OBJECTIVES: Behçet's disease (BD) is a multisystem autoimmune disease of unknown origin typically affecting the triad of oral and genital mucosa and the eye. Limited data are available in the literature regarding the otolaryngology-related manifestations of BD, particularly in northern Europeans. This is a novel study detailing surprising and significant laryngeal structural changes in a northern European cohort of BD. METHODS: Patients meeting the International Study Group for Behçet's Disease (ISGBD) and the International Criteria for Behçet's Disease (ICBD) criteria for diagnosis were identified from an institutional database. Patients underwent examination with an otolaryngologist, including flexible laryngoscopy. Intra-oral, pharyngeal and laryngeal manifestations of BD were documented and characterised. Patients underwent hearing assessment with pure-tone audiometry. RESULTS: Fifteen patients with BD were identified (4 male, 11 female; median age 36 years). 60% (n=9) showed evidence of disease on examination and flexible laryngoscopy. 33% (n=5) showed laryngeal changes related to BD. 13% (n=2) demonstrated bilateral sensorineural hearing loss. The 5 cases demonstrating laryngeal manifestations of disease are described in detail with photographic records. CONCLUSIONS: Limited data has been published regarding the laryngeal manifestations of BD, particularly in a northern European population.

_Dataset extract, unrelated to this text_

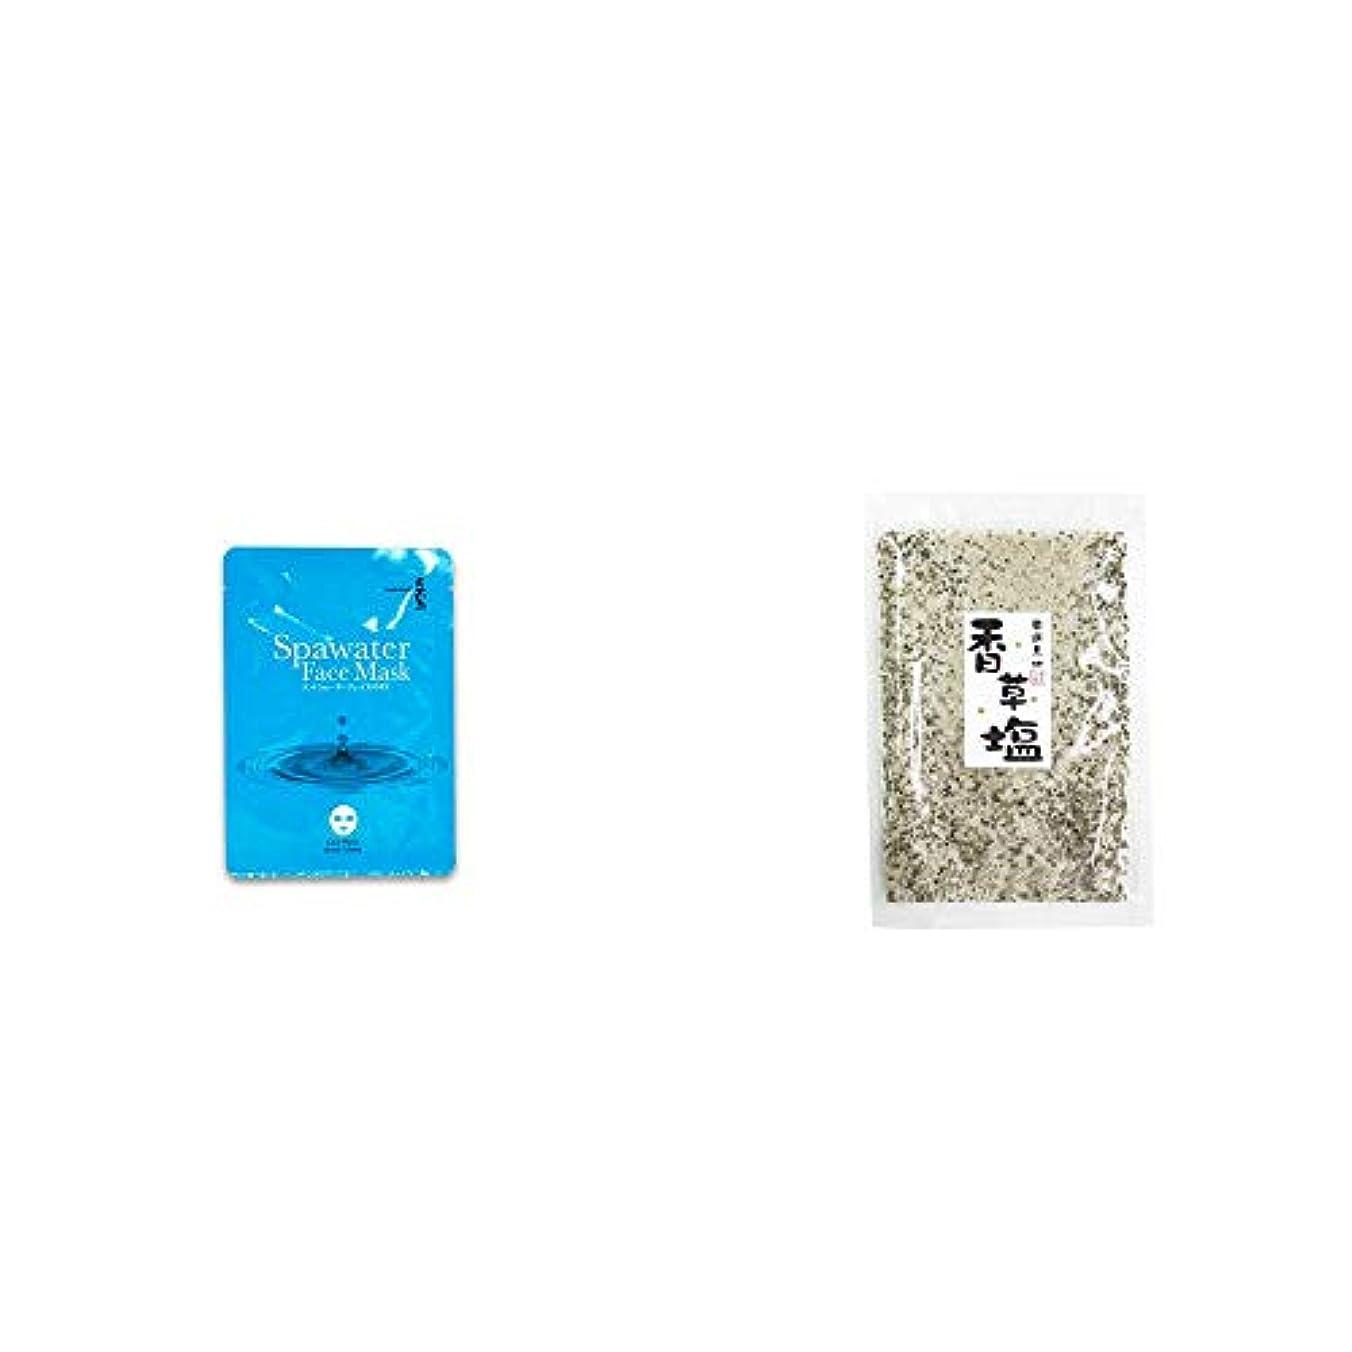 姪レタッチ大西洋[2点セット] ひのき炭黒泉 スパウォーターフェイスマスク(18ml×3枚入)?香草塩 [袋タイプ](100g)

Our cohort of BD patients demonstrate significant laryngeal structural changes. It would appear that these clinically relevant changes may be more common than was previously thought. Raised awareness of the risk of laryngeal pathology in BD patients, often in the absence of overt clinical symptomatology, may result in earlier diagnosis and treatment. Rheumatologists and otolaryngologists should consider closer multi-disciplinary co-operation in the management and follow up of patients with BD.